I am trying to append a pandas df which is outside of a function. Here, I want to append df2 (inside the function) with df (is located outside of the function).

import pandas as pd

df = pd.DataFrame([[1, 2], [3, 4]], columns=list('AB'), index=['x', 'y'])

def test(df_t):
    df2 = pd.DataFrame([[5, 6], [7, 8]], columns=list('AB'), index=['x', 'y'])
    df = df.append(df2)
    print(df)

test(df)

I am getting UnboundLocalError: local variable 'df' referenced before assignment error (and that is expected because of the variable scope).

I have gone through this post. But, the only one answer of this post suggested append outside of the function (though df is declared inside of the function). However, I need to declare the df outside of the function and need to append with df2 inside the function.

If I try df.append(df2) instead of df = df.append(df2), program is not giving any error but getting only df as output (without append).

CodePudding user response：

Your issues is the below line.

df = df.append(df2)

In python, everything declared in a block, such as a function body, is local to that block, unless you use the special keywords global or nonlocal.

def test(df_t):
    global df
    df2 = pd.DataFrame([[5, 6], [7, 8]], columns=list('AB'), index=['x', 'y'])
    df = df.append(df2)
    print(df)

Apart from that, the function and the namings are a bit messy, IMO. If you can, you should avoid such global declarations, and pass the dataframe into the function as your signature already suggests.

Using globals, is not great because your function has side effects. You can never reliably predict its behaviour since it depends on something from the outside. If that something outside changes, your function behaves differently, even though the caller did not change the way it called the function.

CodePudding user response：

df is a declared out of the function. If you want to modify it you should declare it explicitly but in this case df_t is useless.

df = pd.DataFrame([[1, 2], [3, 4]], columns=list('AB'), index=['x', 'y'])

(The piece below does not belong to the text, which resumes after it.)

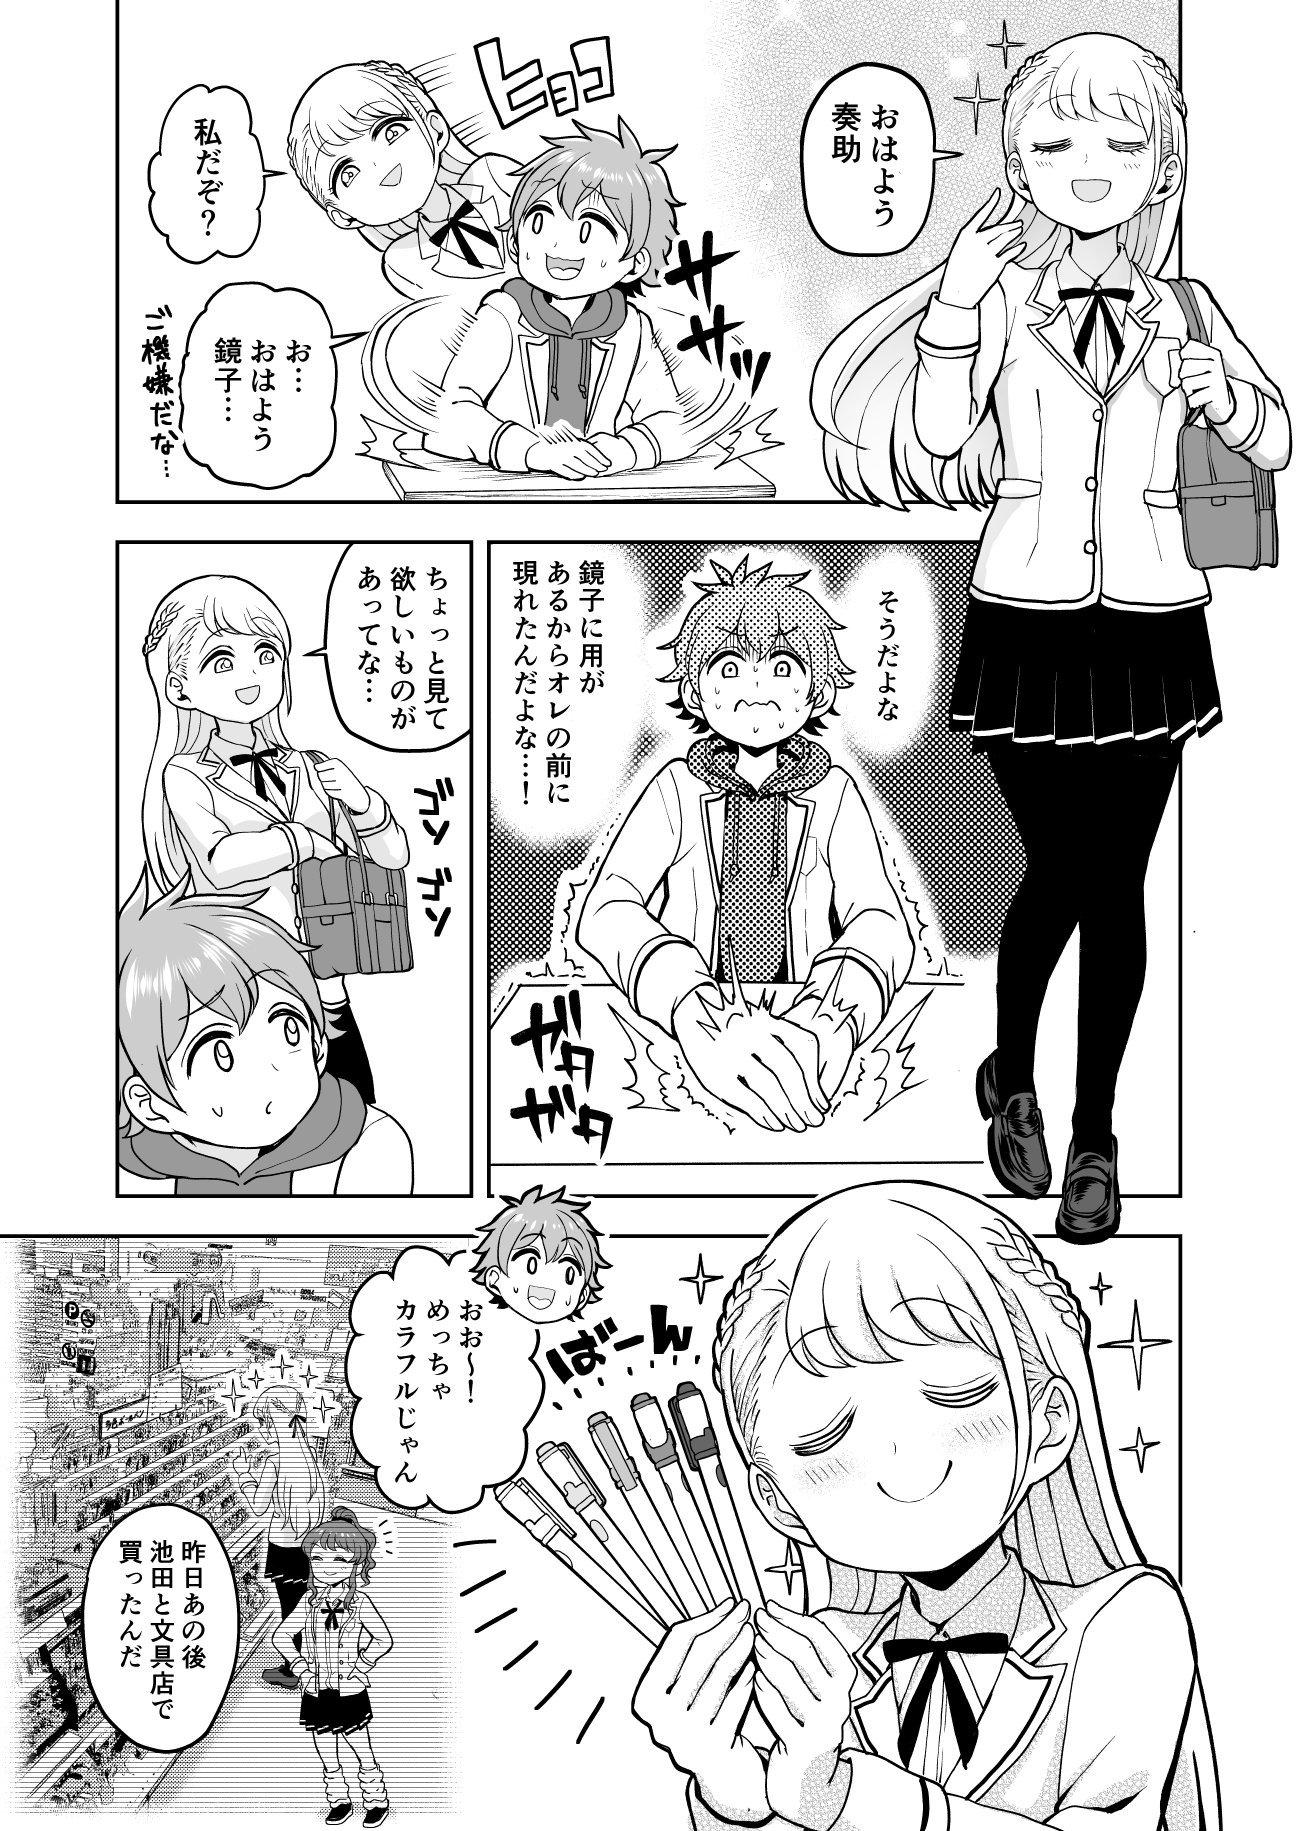 の 怪物 見る 少女 は 初恋 夢 か を 第4話 えっちなことを頼まれる!?

def test():  # <- df_t is useless now
    global df  # HERE
    df2 = pd.DataFrame([[5, 6], [7, 8]], columns=list('AB'), index=['x', 'y'])
    df = df.append(df2)
    print(df)

test(df)

But the suggestion of @Neither is more pertinent:

def test(df_t):
    df2 = pd.DataFrame([[5, 6], [7, 8]], columns=list('AB'), index=['x', 'y'])
    return df_t.append(df2)

test()

Output:

   A  B
x  1  2
y  3  4
x  5  6
y  7  8